*TASK TO CARRY OUT*
Copy each line below in which the string "Foto" appears.

Saved entries
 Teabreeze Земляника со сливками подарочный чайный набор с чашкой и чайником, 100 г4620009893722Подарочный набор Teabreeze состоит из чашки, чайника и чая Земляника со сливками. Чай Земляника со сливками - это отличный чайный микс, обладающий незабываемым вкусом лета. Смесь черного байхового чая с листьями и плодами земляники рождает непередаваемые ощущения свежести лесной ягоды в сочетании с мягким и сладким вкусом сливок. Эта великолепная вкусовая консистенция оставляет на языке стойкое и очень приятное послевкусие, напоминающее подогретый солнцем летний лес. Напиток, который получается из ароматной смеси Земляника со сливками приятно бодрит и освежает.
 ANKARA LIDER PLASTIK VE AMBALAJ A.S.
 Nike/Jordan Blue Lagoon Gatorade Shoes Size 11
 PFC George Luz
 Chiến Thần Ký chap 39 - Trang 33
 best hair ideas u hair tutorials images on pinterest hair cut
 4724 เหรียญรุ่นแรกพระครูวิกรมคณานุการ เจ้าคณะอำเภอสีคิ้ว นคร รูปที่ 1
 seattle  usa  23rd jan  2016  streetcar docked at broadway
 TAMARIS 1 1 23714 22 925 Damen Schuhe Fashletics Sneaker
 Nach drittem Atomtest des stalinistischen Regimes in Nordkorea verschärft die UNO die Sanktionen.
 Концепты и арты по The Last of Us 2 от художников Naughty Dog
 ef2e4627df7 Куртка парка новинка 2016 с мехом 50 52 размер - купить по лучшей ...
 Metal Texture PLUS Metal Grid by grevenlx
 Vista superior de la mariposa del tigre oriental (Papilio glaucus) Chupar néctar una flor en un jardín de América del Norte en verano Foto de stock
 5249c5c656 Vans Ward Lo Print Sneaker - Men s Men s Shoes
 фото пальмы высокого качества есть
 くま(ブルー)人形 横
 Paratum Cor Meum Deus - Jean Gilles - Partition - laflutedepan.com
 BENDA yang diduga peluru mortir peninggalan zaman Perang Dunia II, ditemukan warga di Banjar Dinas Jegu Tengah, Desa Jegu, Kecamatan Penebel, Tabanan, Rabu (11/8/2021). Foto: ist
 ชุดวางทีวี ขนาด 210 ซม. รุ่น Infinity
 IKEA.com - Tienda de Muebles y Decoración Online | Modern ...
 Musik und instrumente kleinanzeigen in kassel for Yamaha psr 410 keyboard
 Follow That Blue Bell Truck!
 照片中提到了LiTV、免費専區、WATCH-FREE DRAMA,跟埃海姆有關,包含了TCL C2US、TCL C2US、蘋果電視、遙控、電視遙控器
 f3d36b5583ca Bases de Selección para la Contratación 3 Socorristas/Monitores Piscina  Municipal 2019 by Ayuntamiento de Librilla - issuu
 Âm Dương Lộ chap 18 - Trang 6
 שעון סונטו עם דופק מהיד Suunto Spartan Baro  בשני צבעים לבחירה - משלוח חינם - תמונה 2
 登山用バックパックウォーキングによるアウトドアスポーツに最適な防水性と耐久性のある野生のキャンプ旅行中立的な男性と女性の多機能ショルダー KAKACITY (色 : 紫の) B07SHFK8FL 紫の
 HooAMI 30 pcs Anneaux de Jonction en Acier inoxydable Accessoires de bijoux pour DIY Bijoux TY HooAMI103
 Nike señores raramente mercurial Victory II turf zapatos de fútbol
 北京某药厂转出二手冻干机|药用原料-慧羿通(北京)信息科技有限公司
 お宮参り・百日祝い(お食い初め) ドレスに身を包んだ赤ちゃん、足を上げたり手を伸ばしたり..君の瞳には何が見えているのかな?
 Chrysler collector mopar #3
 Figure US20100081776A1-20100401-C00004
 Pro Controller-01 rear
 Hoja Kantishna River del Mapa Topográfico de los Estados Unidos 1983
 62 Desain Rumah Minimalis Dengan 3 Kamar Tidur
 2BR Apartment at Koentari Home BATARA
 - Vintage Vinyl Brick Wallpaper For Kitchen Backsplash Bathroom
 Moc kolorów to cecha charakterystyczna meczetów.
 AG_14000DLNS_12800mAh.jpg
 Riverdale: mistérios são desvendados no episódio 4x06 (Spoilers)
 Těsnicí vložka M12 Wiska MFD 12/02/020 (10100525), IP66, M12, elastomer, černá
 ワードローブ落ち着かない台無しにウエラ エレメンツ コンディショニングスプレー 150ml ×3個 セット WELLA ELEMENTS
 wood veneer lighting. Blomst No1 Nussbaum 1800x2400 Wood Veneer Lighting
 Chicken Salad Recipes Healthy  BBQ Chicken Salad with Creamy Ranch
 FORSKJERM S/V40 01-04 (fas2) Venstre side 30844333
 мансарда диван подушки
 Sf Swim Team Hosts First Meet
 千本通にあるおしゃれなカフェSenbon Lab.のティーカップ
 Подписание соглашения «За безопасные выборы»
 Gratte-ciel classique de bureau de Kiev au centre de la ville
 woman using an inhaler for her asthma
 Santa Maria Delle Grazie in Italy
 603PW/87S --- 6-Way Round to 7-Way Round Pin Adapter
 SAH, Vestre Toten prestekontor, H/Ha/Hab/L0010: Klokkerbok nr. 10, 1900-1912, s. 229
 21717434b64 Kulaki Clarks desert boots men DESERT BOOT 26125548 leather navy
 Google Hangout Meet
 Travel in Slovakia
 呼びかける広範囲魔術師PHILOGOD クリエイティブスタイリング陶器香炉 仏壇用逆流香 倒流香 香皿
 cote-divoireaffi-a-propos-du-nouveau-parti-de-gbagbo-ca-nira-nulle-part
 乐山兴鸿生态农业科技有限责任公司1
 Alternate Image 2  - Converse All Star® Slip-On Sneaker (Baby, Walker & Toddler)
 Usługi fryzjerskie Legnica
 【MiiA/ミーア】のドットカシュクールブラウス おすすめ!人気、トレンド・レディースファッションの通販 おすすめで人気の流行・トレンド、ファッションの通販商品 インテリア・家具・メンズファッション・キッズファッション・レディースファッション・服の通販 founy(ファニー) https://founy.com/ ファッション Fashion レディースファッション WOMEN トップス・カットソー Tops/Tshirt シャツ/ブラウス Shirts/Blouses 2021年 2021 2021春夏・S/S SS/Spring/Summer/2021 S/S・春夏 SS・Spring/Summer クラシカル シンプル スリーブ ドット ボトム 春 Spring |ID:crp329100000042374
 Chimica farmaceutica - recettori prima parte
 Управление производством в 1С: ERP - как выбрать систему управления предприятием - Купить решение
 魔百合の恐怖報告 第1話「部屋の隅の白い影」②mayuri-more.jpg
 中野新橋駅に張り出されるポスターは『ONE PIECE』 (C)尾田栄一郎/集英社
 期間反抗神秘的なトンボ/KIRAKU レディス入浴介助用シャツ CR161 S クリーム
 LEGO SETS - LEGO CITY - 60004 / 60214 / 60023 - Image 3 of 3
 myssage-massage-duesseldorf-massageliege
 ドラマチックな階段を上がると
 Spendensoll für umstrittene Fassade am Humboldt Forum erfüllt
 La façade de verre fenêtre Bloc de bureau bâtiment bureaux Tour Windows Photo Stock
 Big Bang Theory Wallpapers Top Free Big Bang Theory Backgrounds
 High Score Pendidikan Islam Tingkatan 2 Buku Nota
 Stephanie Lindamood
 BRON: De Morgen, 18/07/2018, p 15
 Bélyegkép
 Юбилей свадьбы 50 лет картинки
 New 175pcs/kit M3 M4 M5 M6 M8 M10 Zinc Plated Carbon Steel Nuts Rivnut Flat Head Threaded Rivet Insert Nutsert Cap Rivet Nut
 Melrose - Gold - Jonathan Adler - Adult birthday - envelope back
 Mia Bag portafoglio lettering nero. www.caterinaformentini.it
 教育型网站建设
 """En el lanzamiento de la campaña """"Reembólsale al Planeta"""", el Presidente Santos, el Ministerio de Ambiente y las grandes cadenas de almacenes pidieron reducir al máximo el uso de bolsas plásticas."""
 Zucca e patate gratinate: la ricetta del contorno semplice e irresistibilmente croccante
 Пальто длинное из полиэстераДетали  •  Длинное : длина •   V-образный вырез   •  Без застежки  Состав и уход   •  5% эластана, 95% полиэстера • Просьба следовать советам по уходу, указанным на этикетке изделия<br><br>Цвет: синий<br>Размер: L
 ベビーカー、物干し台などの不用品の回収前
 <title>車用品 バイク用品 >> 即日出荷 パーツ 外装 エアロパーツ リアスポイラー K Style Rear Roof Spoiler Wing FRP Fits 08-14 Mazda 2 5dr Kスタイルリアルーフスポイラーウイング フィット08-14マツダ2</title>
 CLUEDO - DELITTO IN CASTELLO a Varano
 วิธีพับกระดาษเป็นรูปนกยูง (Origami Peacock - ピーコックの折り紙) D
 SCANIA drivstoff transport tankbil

*ANSWER AREA*
 Vista superior de la mariposa del tigre oriental (Papilio glaucus) Chupar néctar una flor en un jardín de América del Norte en verano Foto de stock
 BENDA yang diduga peluru mortir peninggalan zaman Perang Dunia II, ditemukan warga di Banjar Dinas Jegu Tengah, Desa Jegu, Kecamatan Penebel, Tabanan, Rabu (11/8/2021). Foto: ist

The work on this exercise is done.